Going along with the idea of streams and videos helping to get these bad games popularity, social media has seen the rise of another form of making these bad games a shared experience: memes and jokes at the game’s expense. Sometimes this just means using a screenshot from the game as a reaction image, and other times that means just sharing an image or clip and letting that speak for itself. Either way, this form of sharing is what gets some of these bad games the recognition that they need in order to survive in the cultural landscape.

For me, the most prominent example that comes to mind is when people post images or videos of glitches that they experience in games. Most recently, there was the pervasive spread of moments that people were experiencing in Fallout 76, but it’s not a new phenomenon. I’ve never played any of the Assassin’s creed games myself and have not really kept up with the series, but even I knew when Assassin’s Creed: Unity released because images like the one above were everywhere.

The Accessibility Proposition

Source: Thegamer.com

The fact of the matter is that it’s not that hard to get your hands on a “bad game.” In a lot of cases, they end up being the games that sit in the bargain bin for years after their launch, much like sports titles of years past.  Often these games are fairly cheap and if you can get a cheap game just to have something to play, then you’re going to play it, sometimes even if it is absolutely terrible, just to see it though. There are plenty a millennial who were gifted a cheap and bad game by a well meaning relative who didn’t exactly understand the difference but knew the box art looked interesting. When you grow up with a game like that, it’s not that hard to get attached, especially when you’re ten and don’t have enough pocket money to pick up the games you really want without a little help just yet.

For those of us who rented games, there was likely a game or two that was always available for rental because nobody else wanted it, or might have been the only game left for the console that you had. There is that time spent together that can endear you to a game in ways that you might not even realize at the time.

The Nostalgia Corollary

Source: Amazon.com

Hand in hand with the accessibility of these games, sometimes we simply just grew up with a game that some people might now consider to be “bad” but we nonetheless have nostalgia of them. For instance, I have a ton of nostalgia for the movie tie in game Scooby-Doo and the Cyber Chase on the original PlayStation, despite how many consider it to be a bad Crash Bandicoot ripoff. That doesn’t stop me from loving the game for what it is and was or from popping it in whenever I remember that I own it. Nostalgia is something that can play a strong role in why we love what we love, as these nostalgic connections are made in our formative years. In fact, an analysis of song preferences based on Spotify data suggest that our music tastes may be set firmly in our early teen years. It’s not that much of a stretch to consider that there might be an influence in what kind of games we prefer set around a similar age. 

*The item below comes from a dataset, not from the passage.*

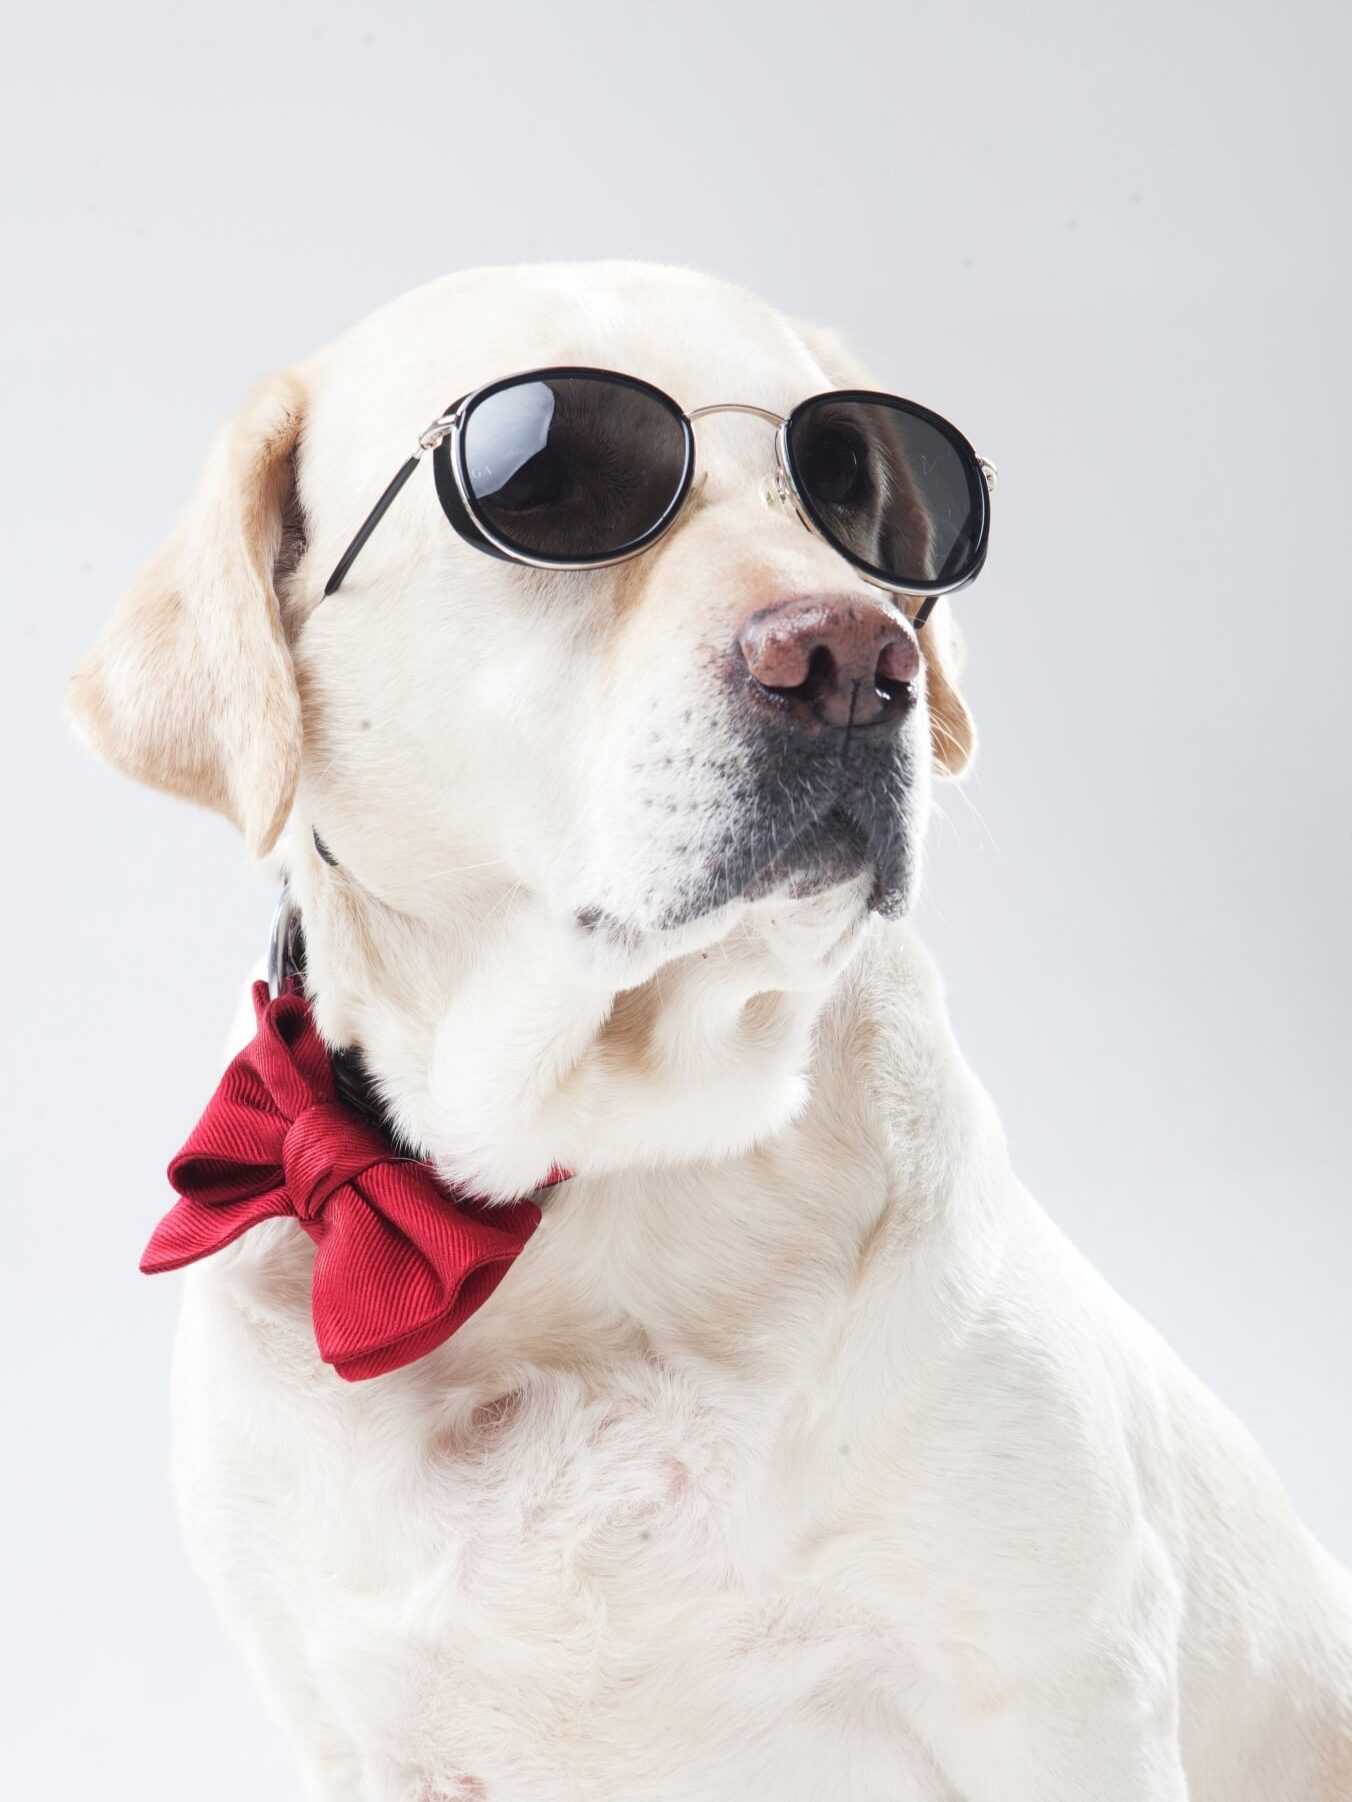 cool cute dog wearing sunglasses photoAC edited

In fact, I know of someone on staff here at Nintendad who has a nostalgic fondness for playing Sonic the Hedgehog (2006) split screen with their cousin at a young age. I will not disclose their name here for obvious reasons.

The Good Game Supposition

There’s also one more reason that you might like a “bad game.” Plain and simple, it’s not bad.

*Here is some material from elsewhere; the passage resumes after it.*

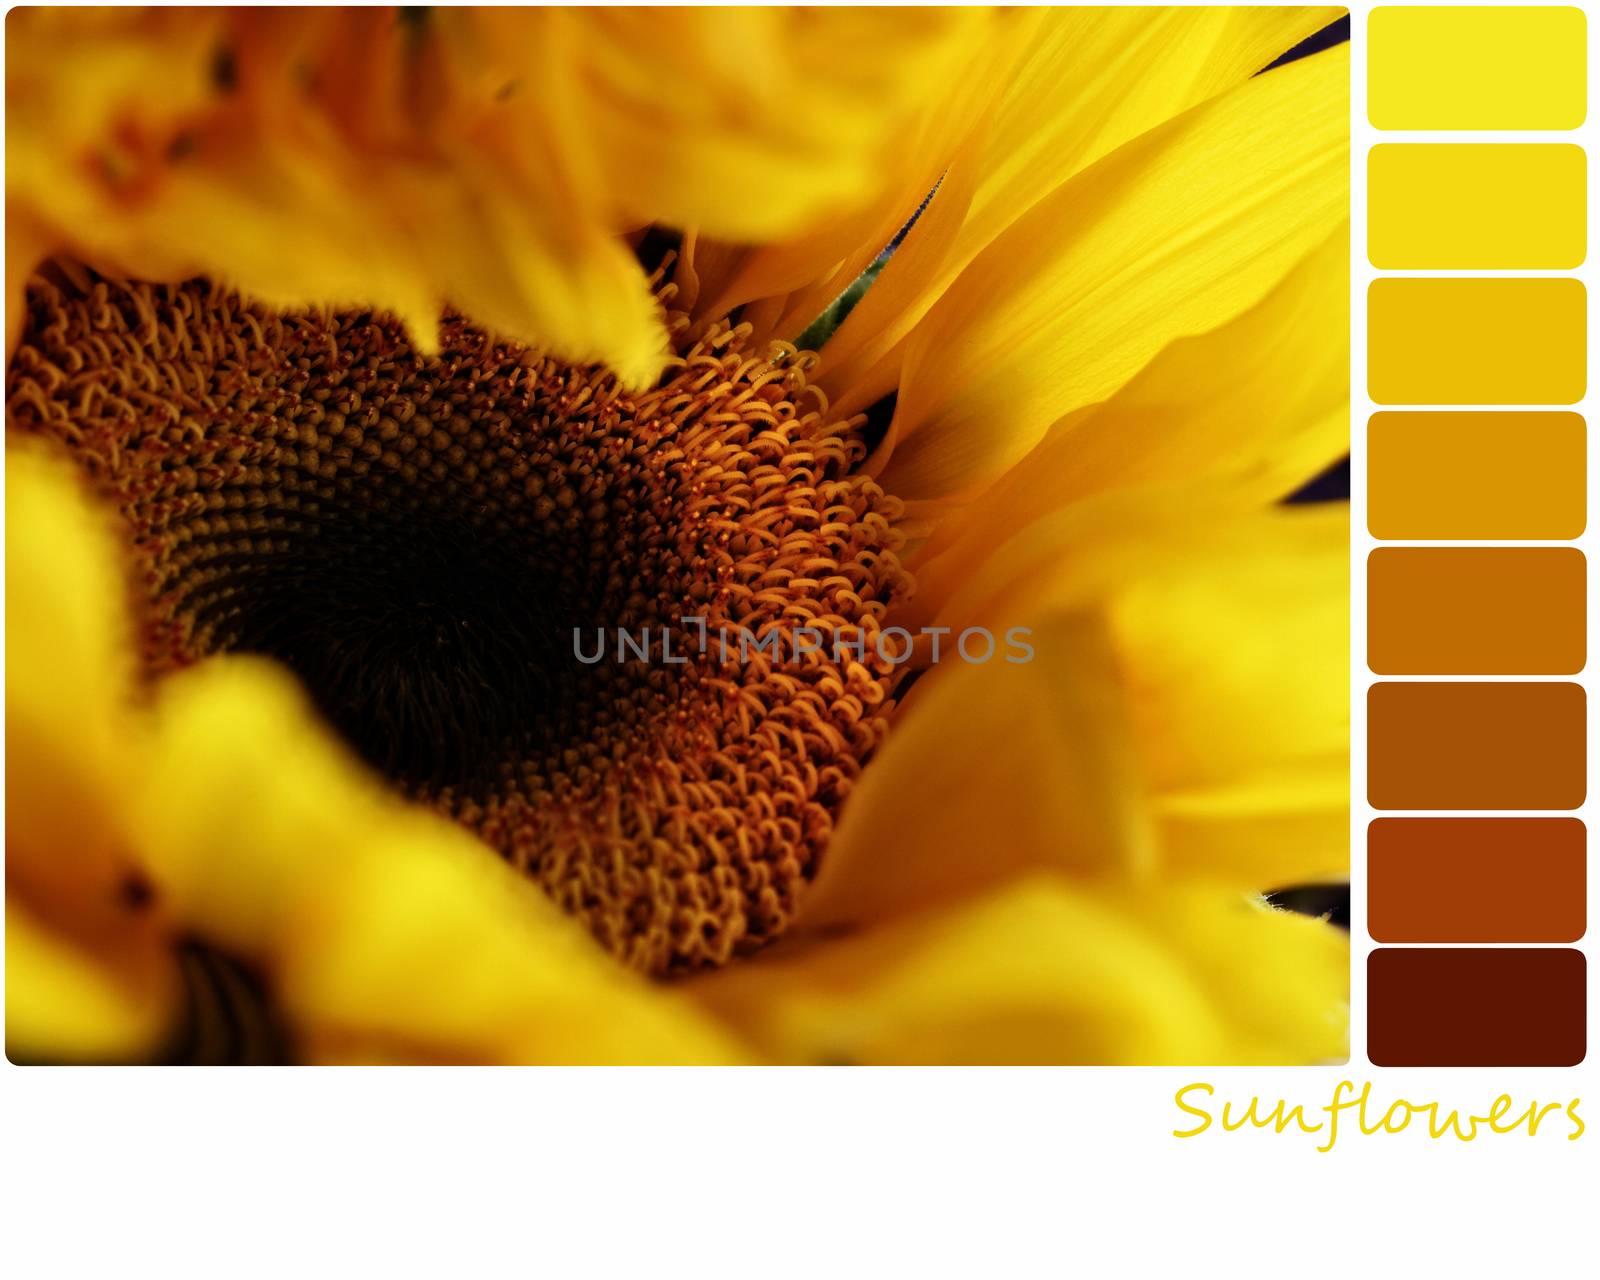 Sunflower Palette by StephanieFrey

If you like a game, then it stands to reason that there is something about the game that is inherently “good.” You don’t need to justify your taste in games to anyone but yourself, after all. This is the reason why a lot of us can have such a strong reaction to someone saying that they don’t like our favorite games, because we love them and it can sometimes be hard to articulate this difference in opinion. It’s why we love to compare review scores and complain about them.